* What needs to be done
Please repeat exactly the lines below from the one containing "FLAG Epoxy Resin" down to the one containing "E-R Diagram for", both included, and nothing else.

Data for the task section start

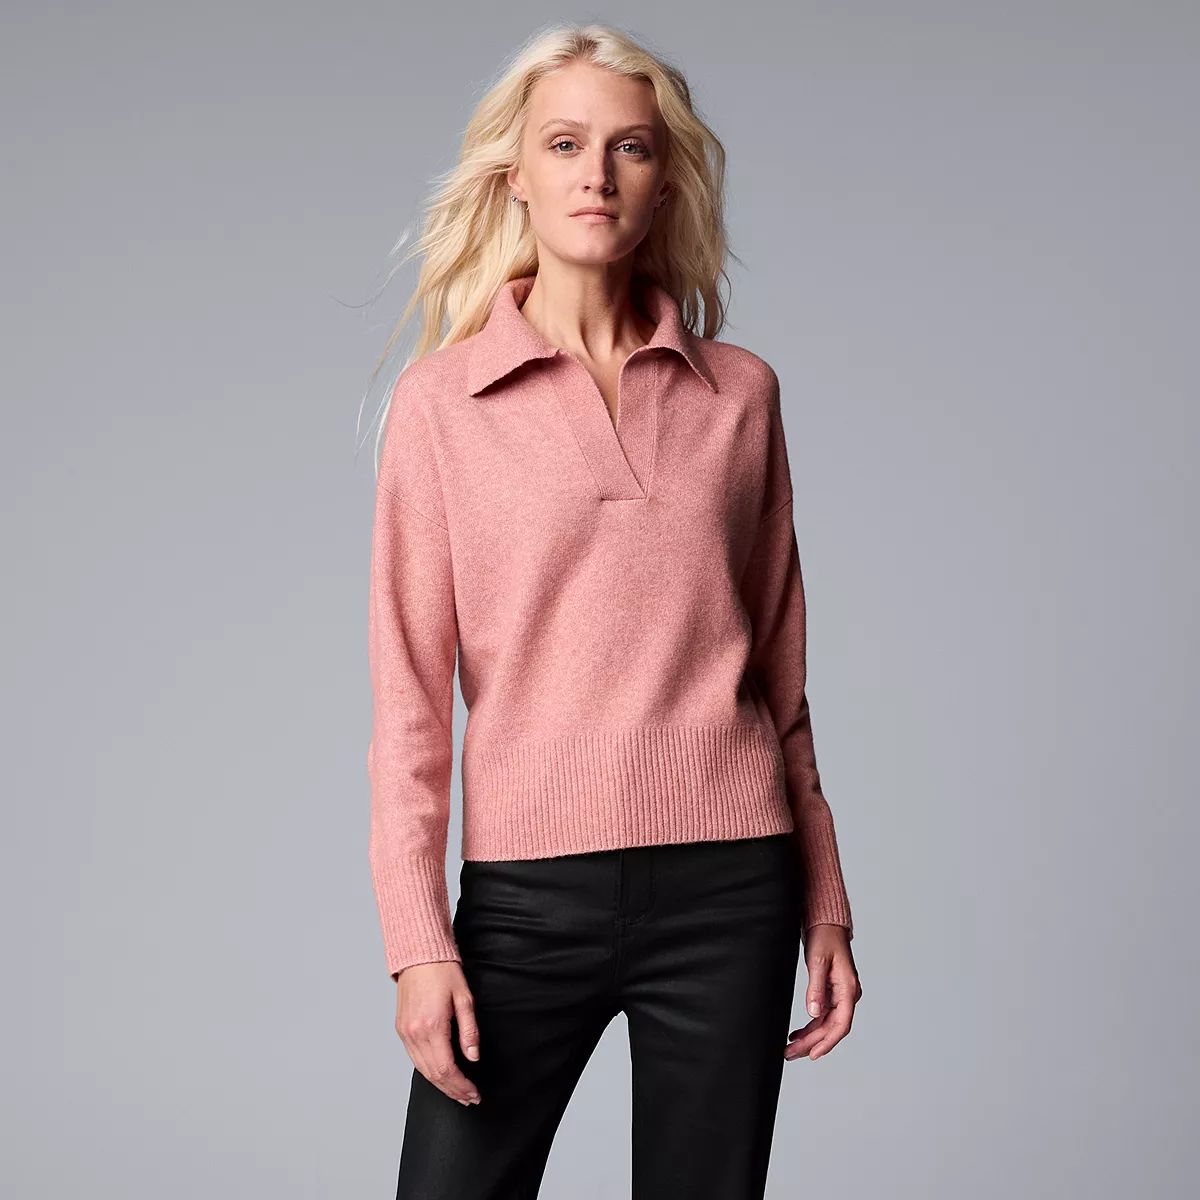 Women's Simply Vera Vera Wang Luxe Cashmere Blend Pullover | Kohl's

Data for the task section end
Data for the task section start

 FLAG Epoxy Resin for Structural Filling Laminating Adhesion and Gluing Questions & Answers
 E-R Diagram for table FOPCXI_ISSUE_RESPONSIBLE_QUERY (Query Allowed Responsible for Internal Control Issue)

Data for the task section end
Data for the task section start

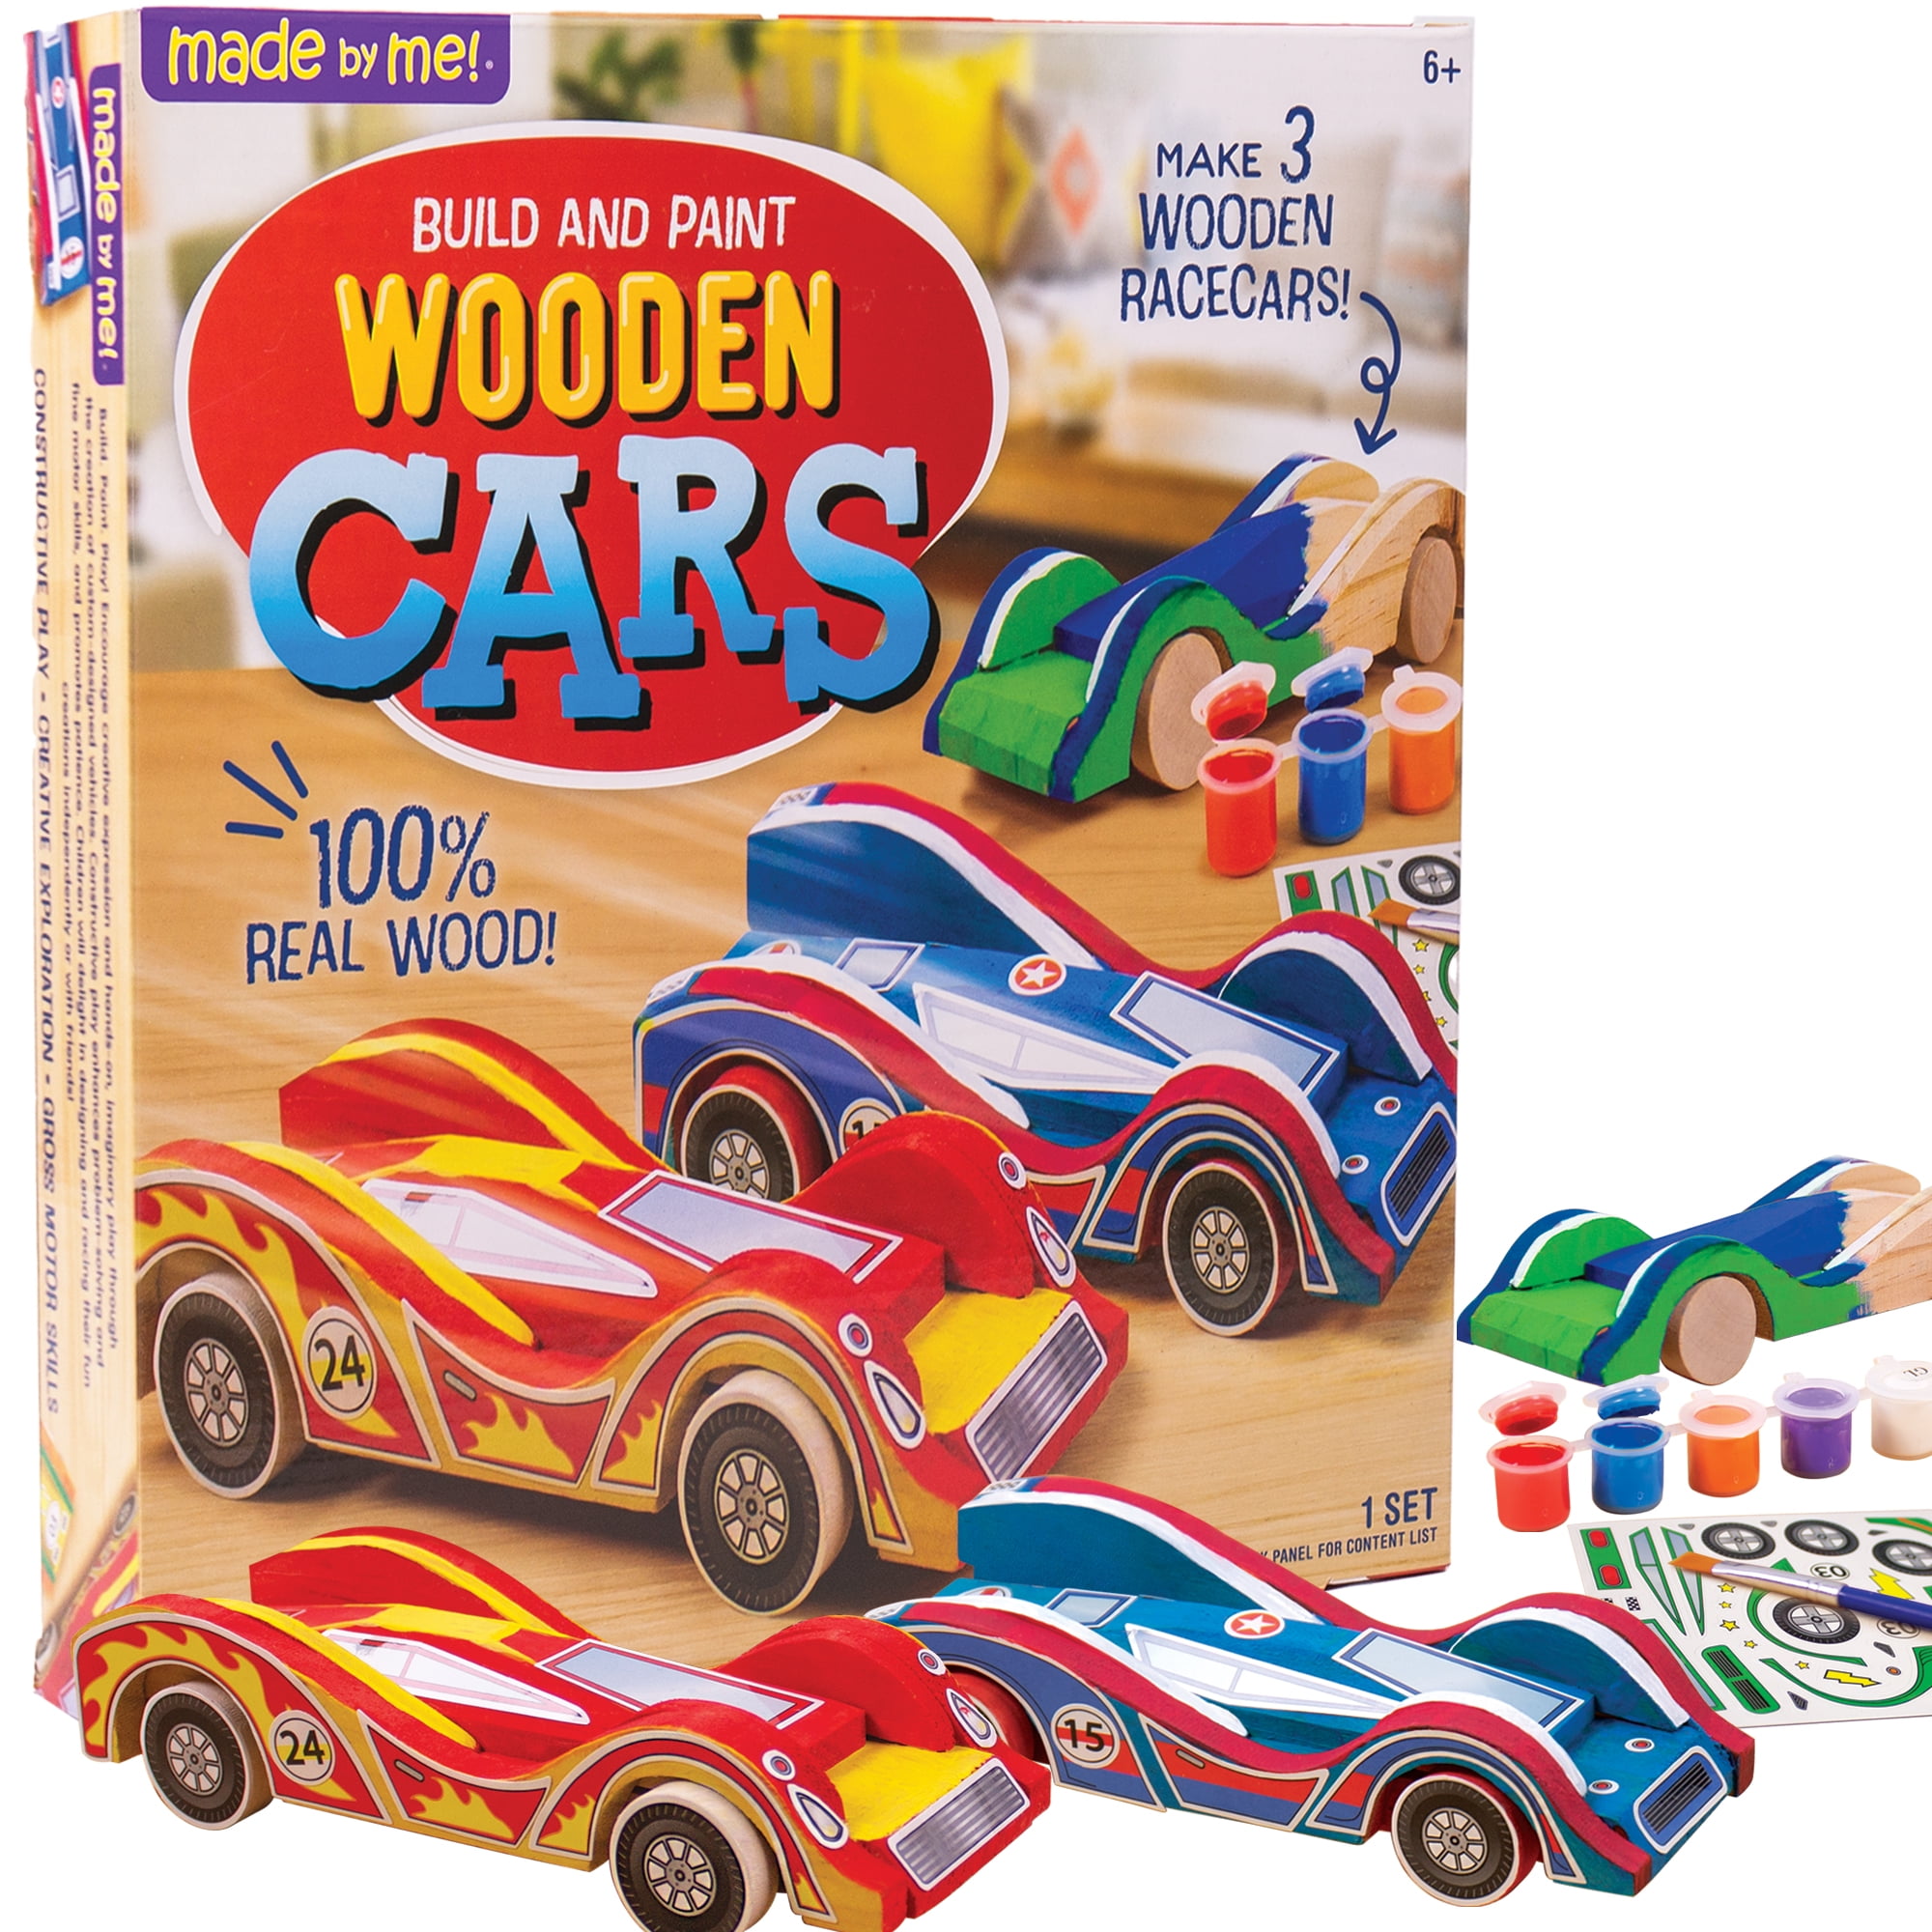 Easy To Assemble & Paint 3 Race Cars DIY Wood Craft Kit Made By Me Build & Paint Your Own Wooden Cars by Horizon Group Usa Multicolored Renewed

Data for the task section end

* The completed task
 FLAG Epoxy Resin for Structural Filling Laminating Adhesion and Gluing Questions & Answers
 E-R Diagram for table FOPCXI_ISSUE_RESPONSIBLE_QUERY (Query Allowed Responsible for Internal Control Issue)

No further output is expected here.